GIVEN INFORMATION ▸
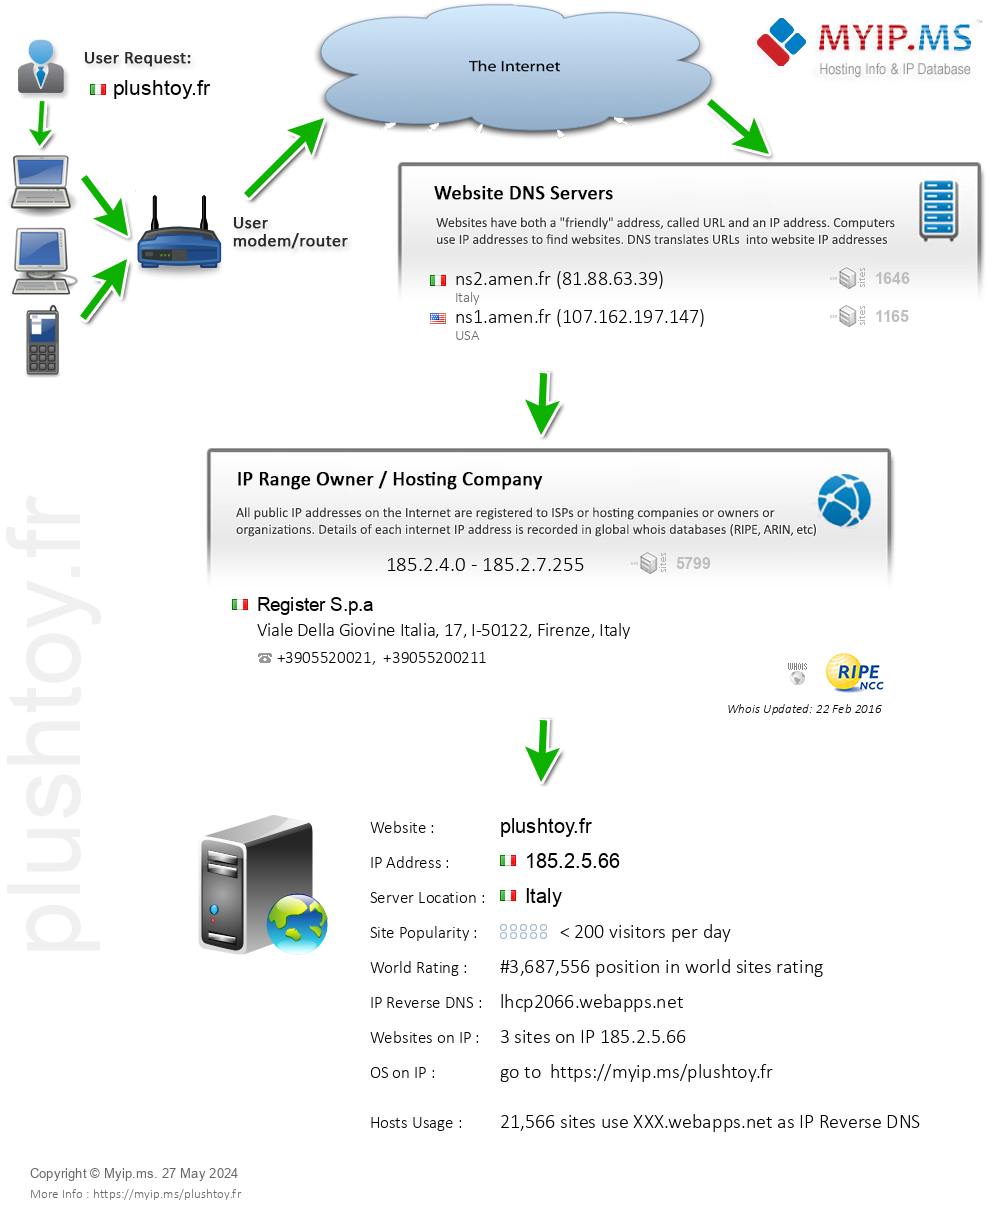 Plushtoy.fr - Website Hosting Visual IP Diagram
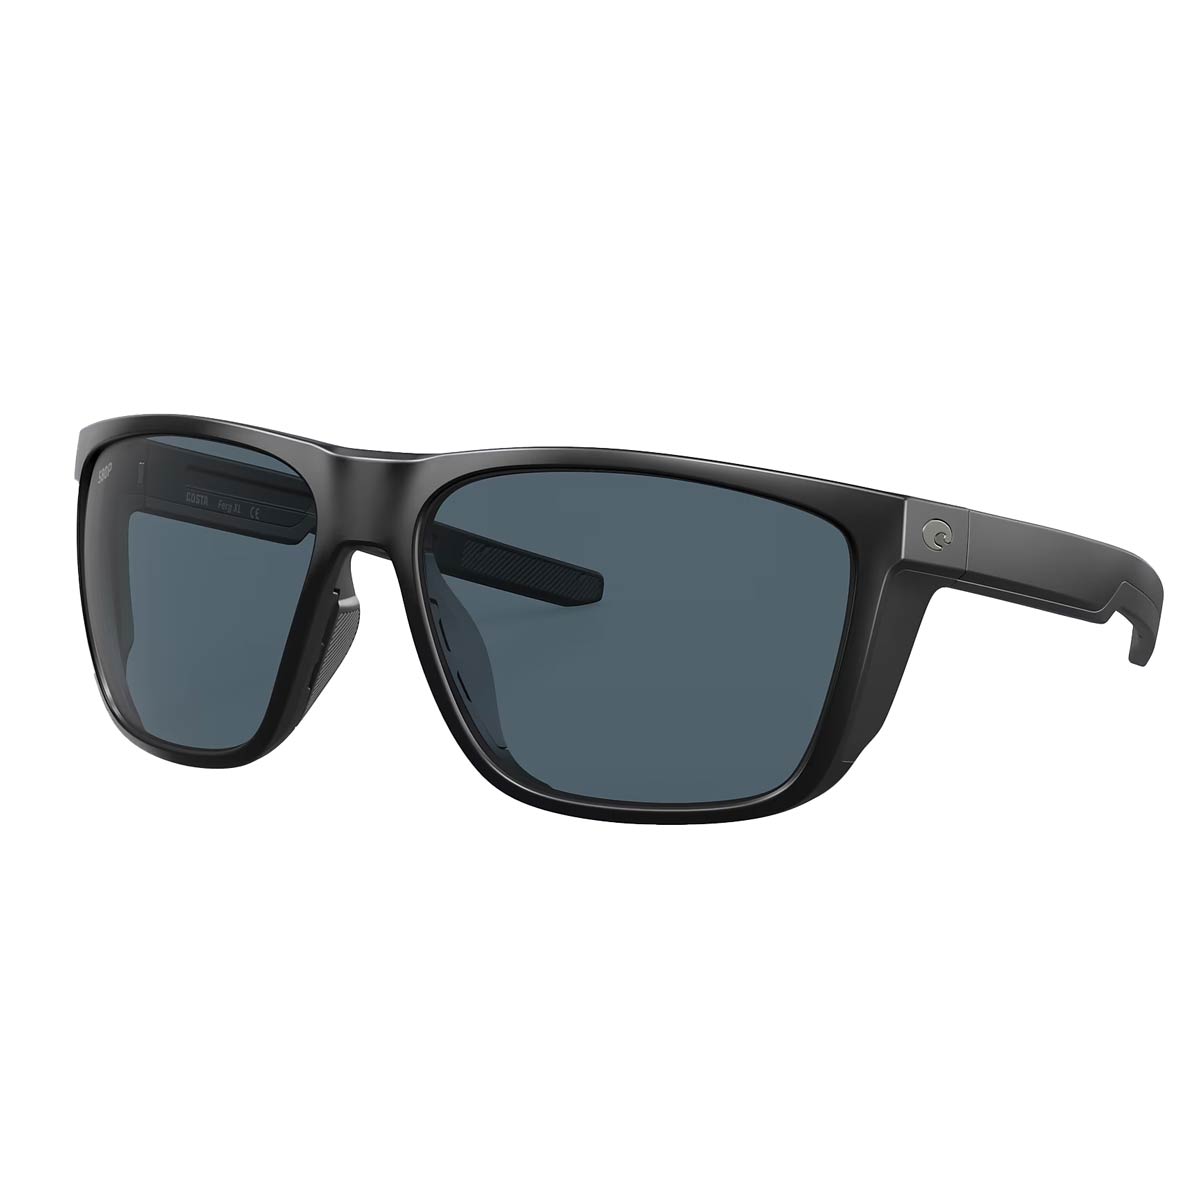 Costa Ferg XL Sunglasses - Frame Matte Black - Lens Gray 580 Polycarbonate
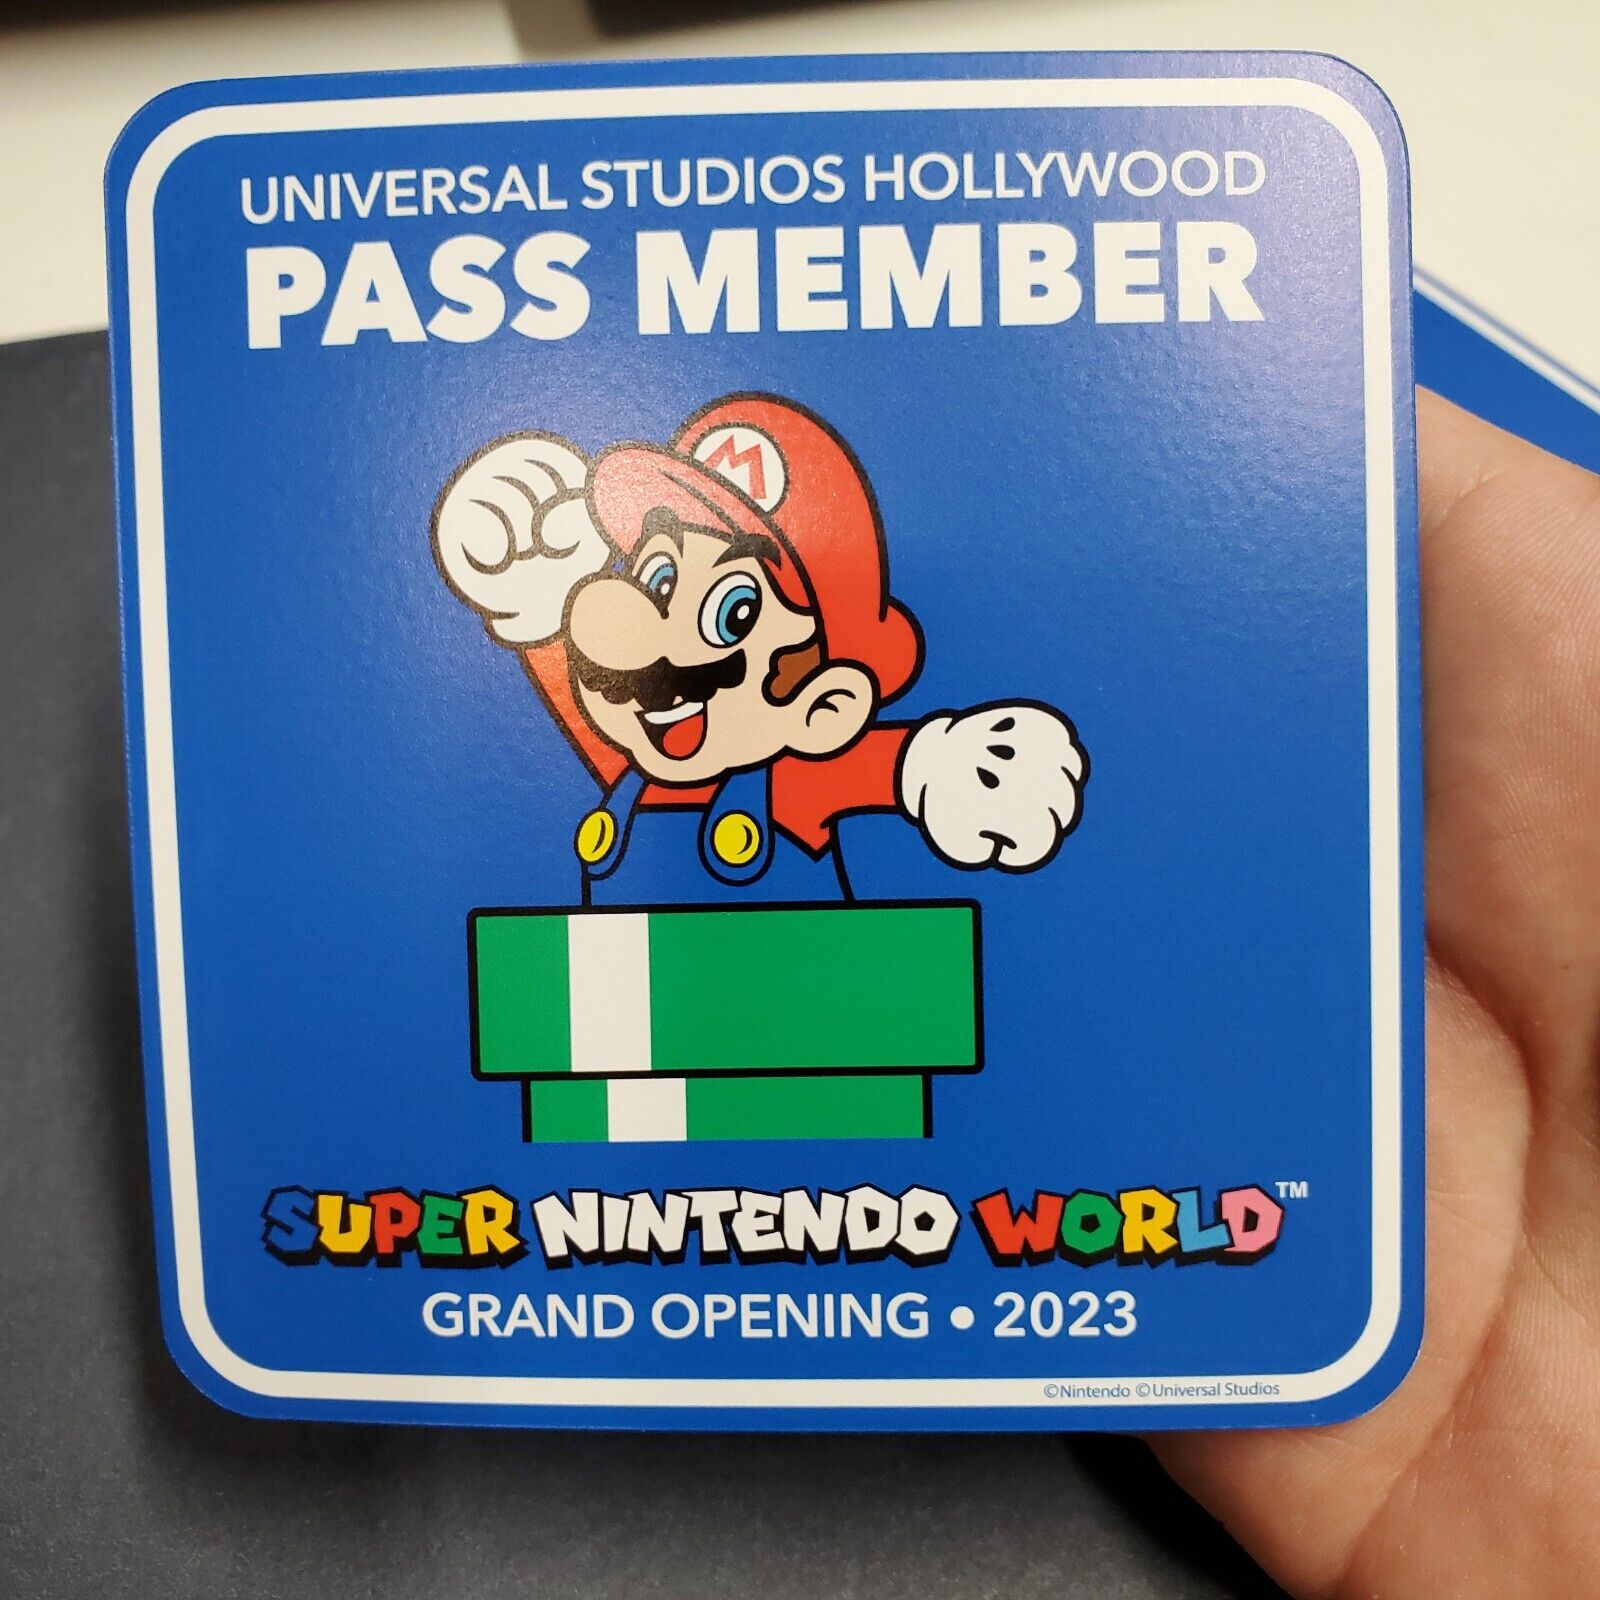 Super Mario World Grand Opening Magnet Universal Studios Hollywood 2023 (Copy)

EXERCISE BRIEF ▸ Please give back the material above exactly as written, pictures omitted.

TASK RESPONSE ▸
 Plushtoy.fr - Website Hosting Visual IP Diagram
 Costa Ferg XL Sunglasses - Frame Matte Black - Lens Gray 580 Polycarbonate
 Super Mario World Grand Opening Magnet Universal Studios Hollywood 2023 (Copy)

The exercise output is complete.